What you have to do: What is needed is a faithful transcription of all the data below, pictures excluded.

Information provided:
┏━━

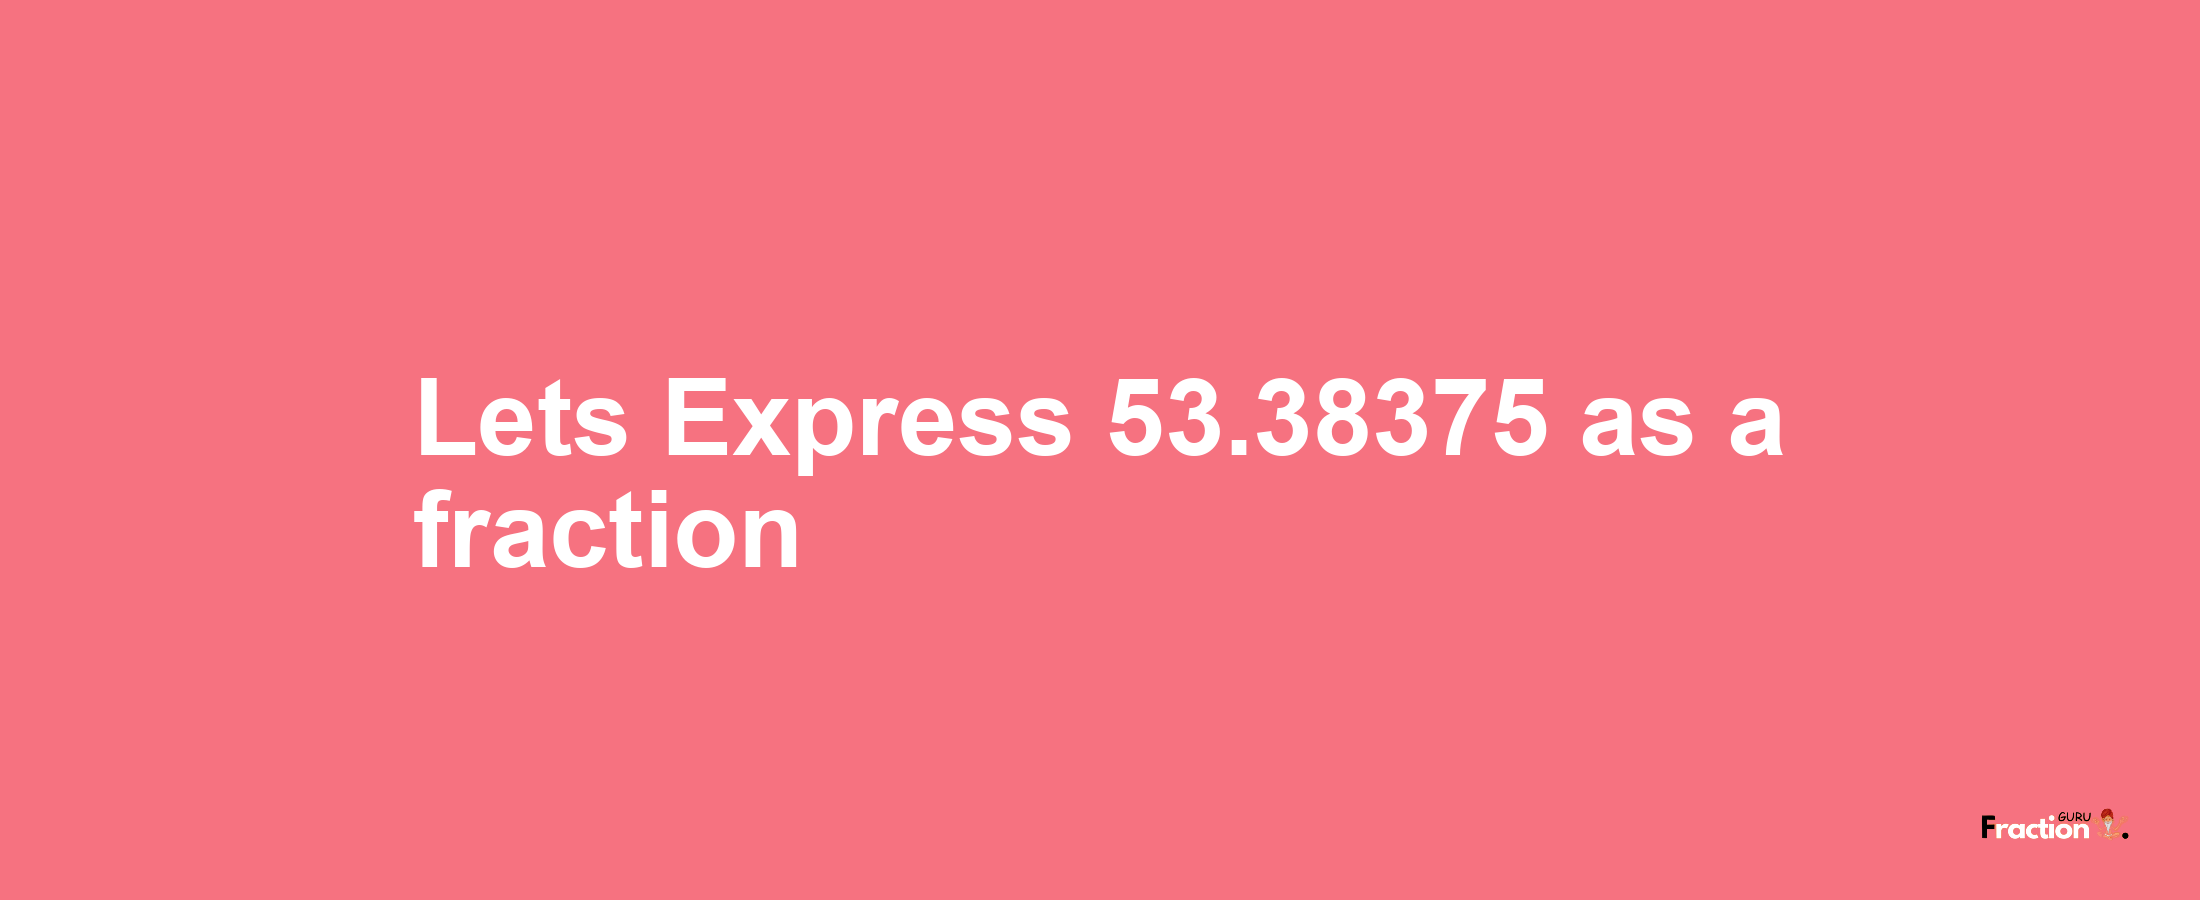 Lets Express 53.38375 as afraction
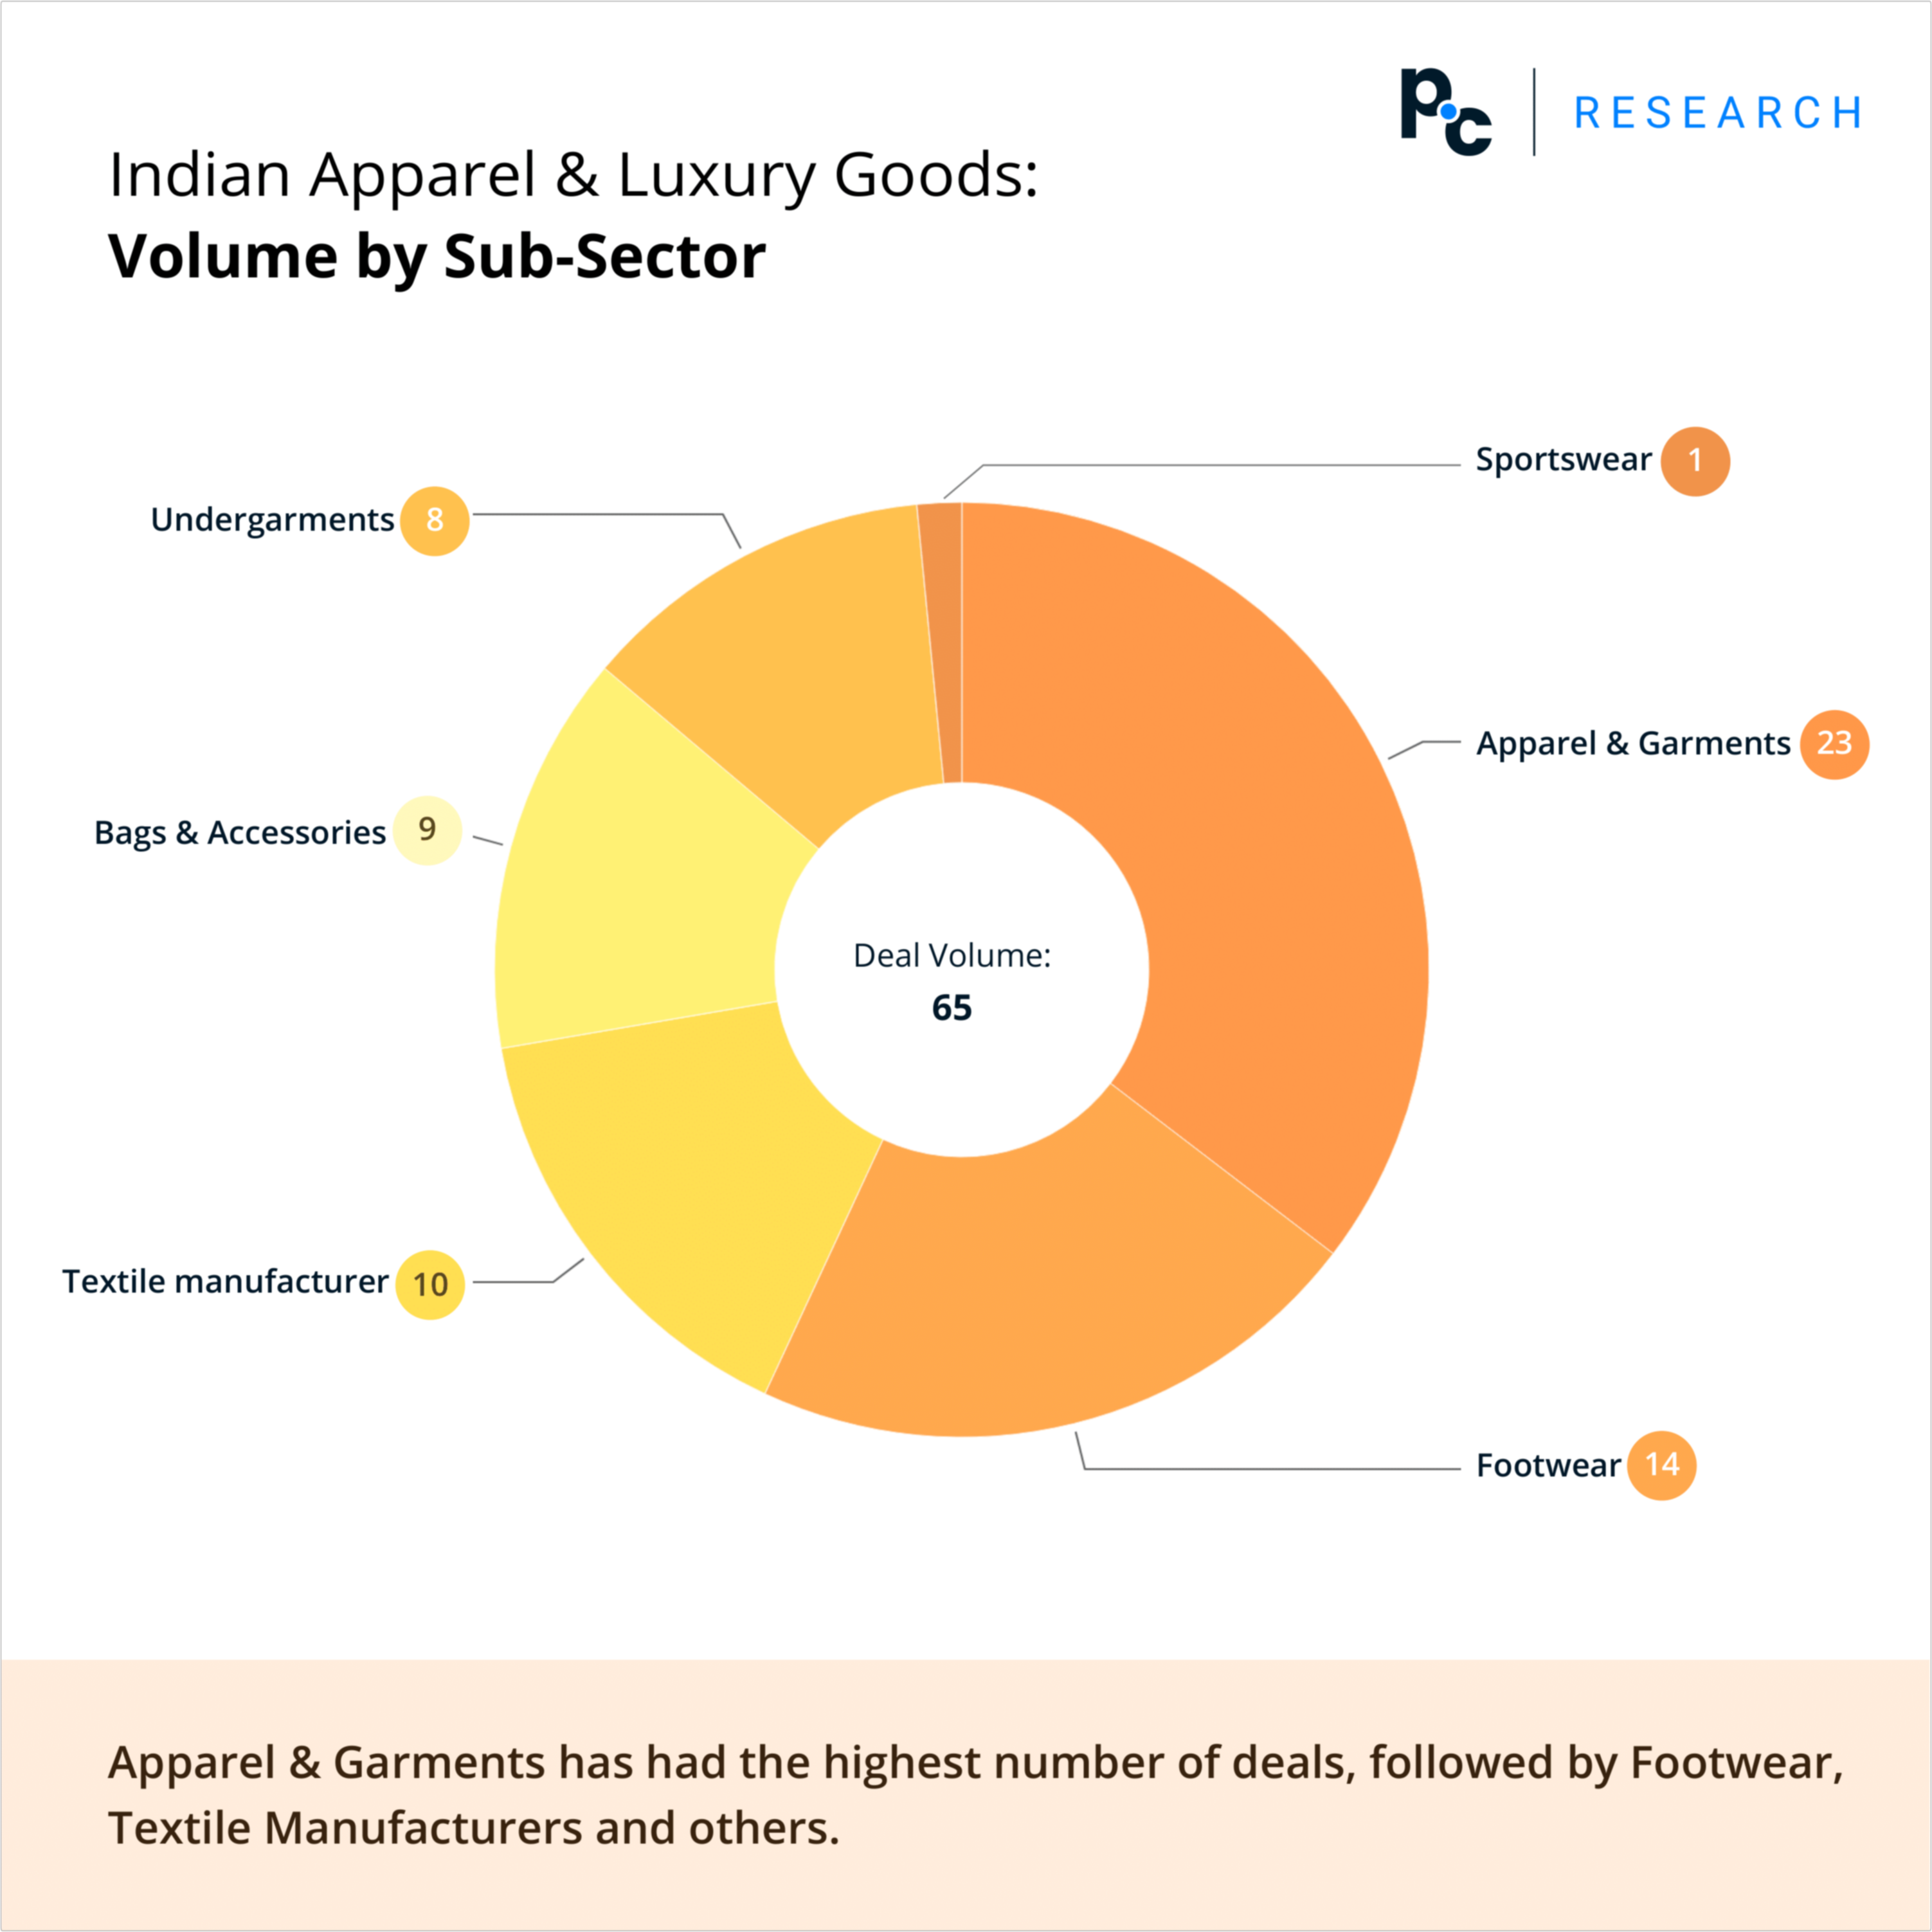 Indian Apparel & Luxury Goods: Volume by Sub-Sector.

Apparel & Garments has had the highest number of deals, followed by Footwear, Textile Manufacturers, and others.

┗━━

Written response:
 Lets Express 53.38375 as afraction
 Indian Apparel & Luxury Goods: Volume by Sub-Sector.

Apparel & Garments has had the highest number of deals, followed by Footwear, Textile Manufacturers, and others.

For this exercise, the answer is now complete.